Growing a company is not an easy task, you have to carry out a multitude of operations on a day-to-day basis and, in addition, invest. When we want to invest, we will inevitably be willing to take financial risks. This implies having to develop a strategy that helps us not to fail.
The financial markets are full of threats from the constant variables that make it up, that are why we will have to be more careful.
Also, when we talk about investing, we are directly talking about uncertainty that we cannot confuse with risk.
Sometimes the solution is easy and other times not so much. For this reason and if you really want to improve your company’s finances, take note of the following measures that you can take to greatly reduce both the uncertainty and the risk of your operations.
What is a financial risk?
When we speak of risk, we refer to the possibility of an adverse event arising and its consequences for us.
It must be made clear that as this concept is quite broad, we are only going to refer to financial risks, to explain how we can control those financial consequences that are negative for a business.
Types of financial risks
Market risk. Associated with the variations suffered by the financial markets, and in which we can distinguish:
- Exchange risk: will be the consequence of the volatility of the foreign exchange market.
- Interest rate risk: will be the consequence of the volatility of interest rates.
- Market risk: to refer more specifically to the volatility of financial instrument markets such as shares, debt, derivatives, etc.
Credit risk. That which refers to the possibility that one of the parties to a financial contract does not comply with its contractual obligations.
Liquidity or financing risk. It covers the fact that one of the parties to the financial contract cannot obtain the liquidity it needs to assume its obligations despite having assets (which it cannot sell) and the willingness to do so.
Operational risk. The possibility of financial losses, whether due to a failure or inadequacy of processes, people, internal systems, technology, etc.
There are 3 ways to take a risk:
- Transfer the risk: We transfer the risk to another party. By selling that asset or taking out an insurance policy.

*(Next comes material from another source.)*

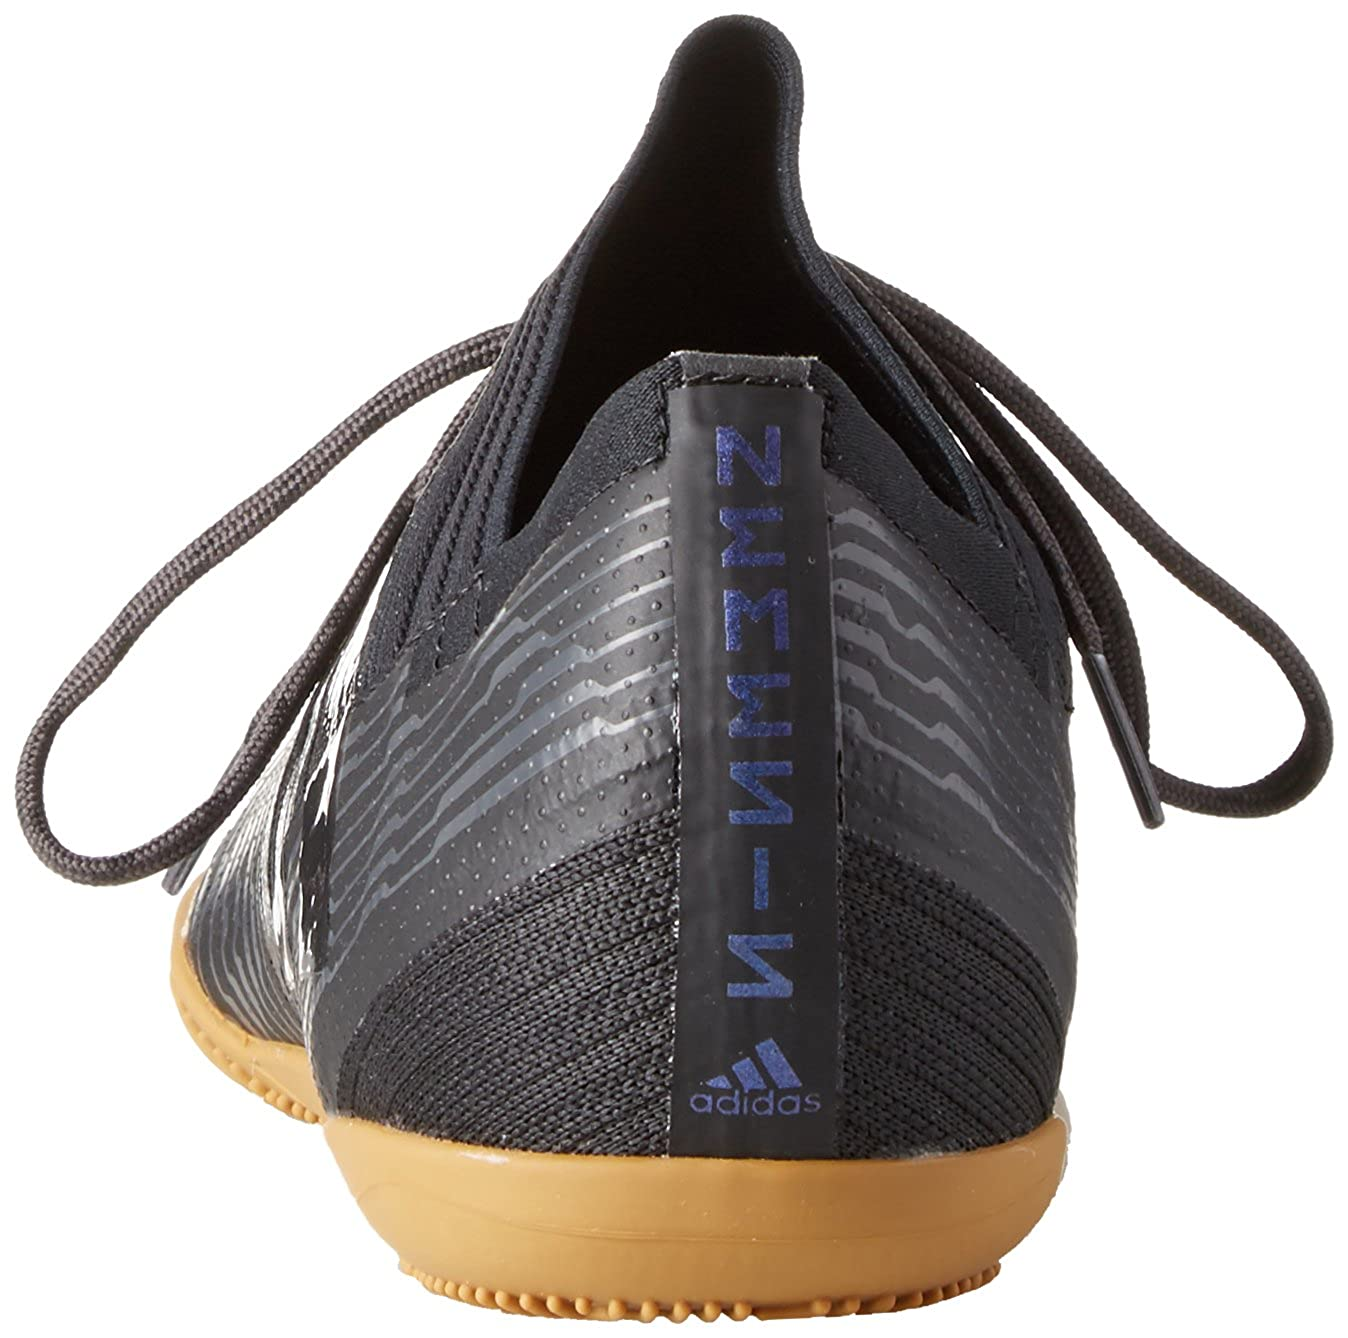 Adidas Unisex-Erwachsene Nemeziz Nemeziz Nemeziz Tango 17.3 Bb3654 Turnschuhe 687ac3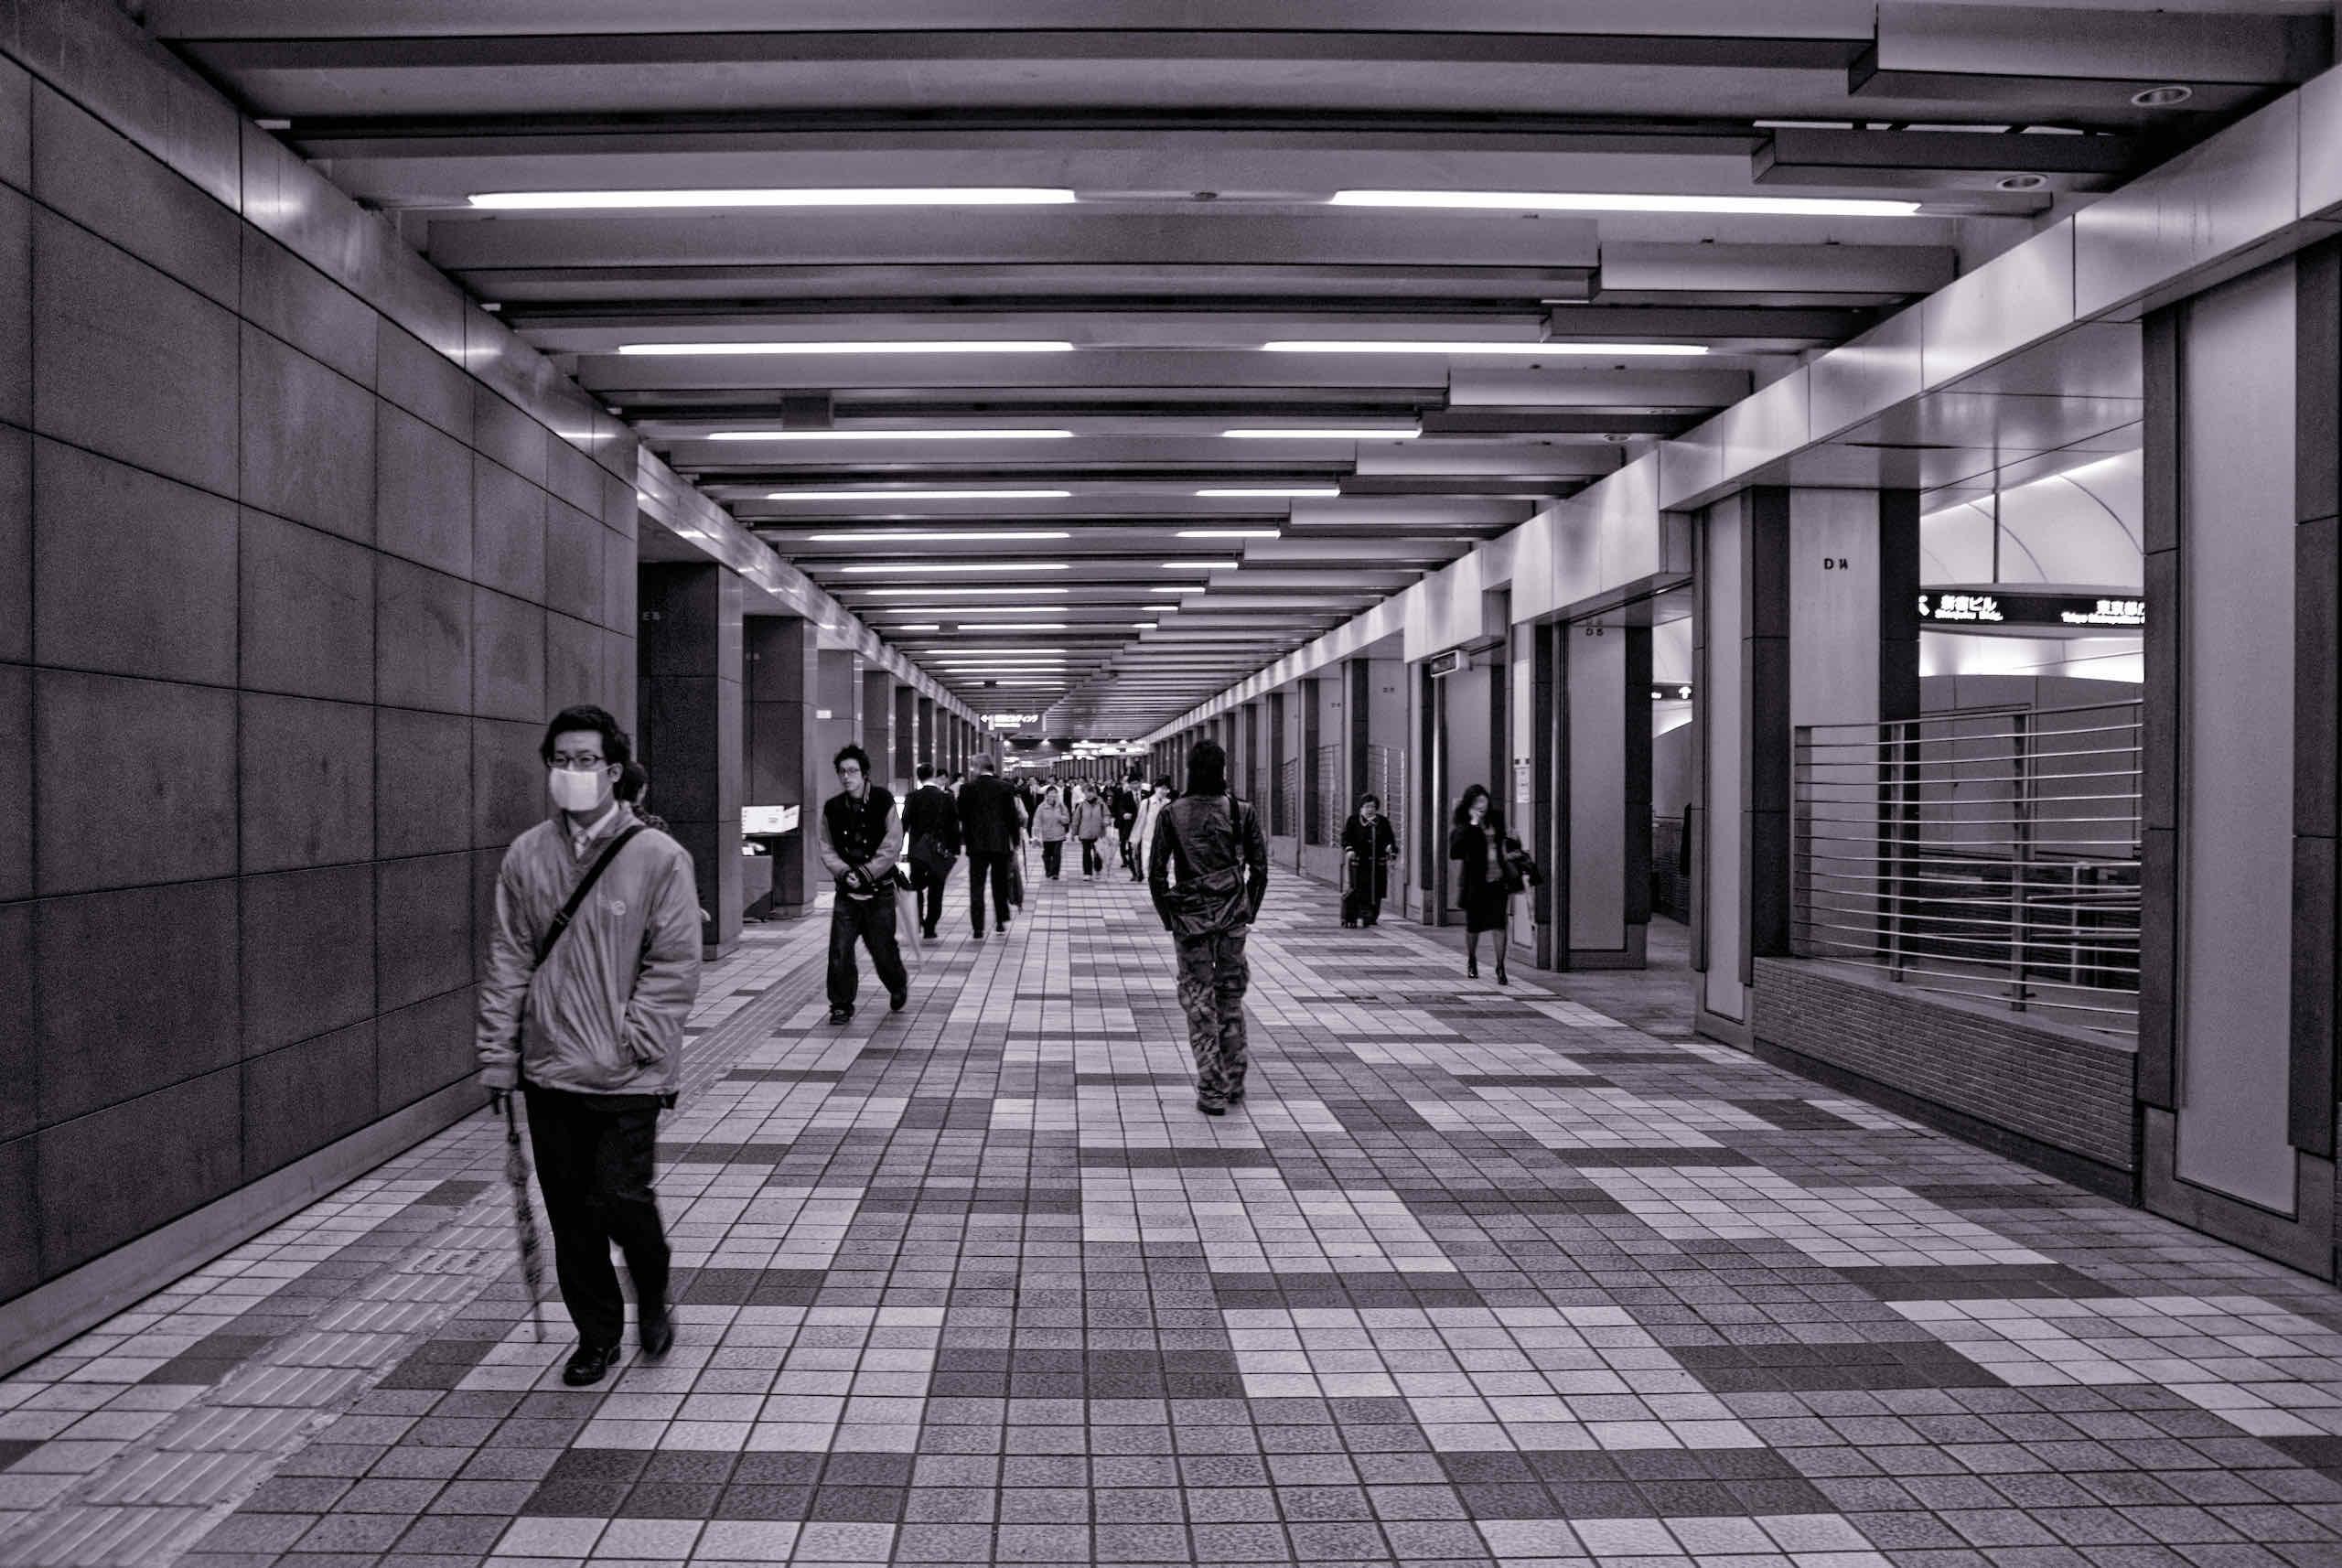 underground mall underneath chuo doori (中央通りの地下街で)

- Avoid risk: Simply not expose yourself to the risk that has been identified.
- Retain the risk: We directly assume the risk and we will have to make the decision of how we are going to cover the possible losses.
None of these strategies is more advantageous than the other, everything will depend on the type of activity that we are carrying out and the type of risk to which they are oriented.
How to reduce your financial risk? Control and management.
It is normal if you are an entrepreneur that you try to minimize the risk that your company may run, so as not to find yourself with long-term financial problems.
This is one of the issues that most often concerns entrepreneurs when talking about the livelihood of the company. And we fully understand it because the entire company could collapse just by making one mistake.
It is impossible to completely eliminate the existence of risks, but it is possible to reduce it. For this reason, and going directly to the point, we have made a list, brief but very useful, that will help you, if not to reduce, at least to be able to control and manage the risks that your company runs.
- Evaluate the profitability of each investment. This is something you should never forget. You have to always keep in mind that the more information you have about the operations, the lower the risk.
- Anticipate the future. We know that this is something impossible, but in reference to the previous point, we can get quite close to what can happen later if we have great information to help us compare situations, decision making and strategies.
- Diversify. Something fundamental that can never be missing in any risk control strategy is diversification. We can do this by proposing investments of various types, for example, highly dangerous investments that compensate for others with very low risk. This will make you have a broader investment portfolio and you will be able to obtain better results, in a safer way.
- Evaluate the results obtained. You should not forget this, it is very important that every time you get the results of an operation you study them carefully to analyze what is happening. This can also help us predict the future!
- It has a professional team. Managing your accounts deserves specialized knowledge about new financial trends.
- You can always protect some of your assets by taking out insurance.
- Hedging. Along the same lines as diversification, we can also combine some assets from the same portfolio, with the aim that the variations of some offset those of the rest.
- Set toppings. We refer to those operations that consist of currencies other than the euro, where a variation in the price can surely have a high financial cost.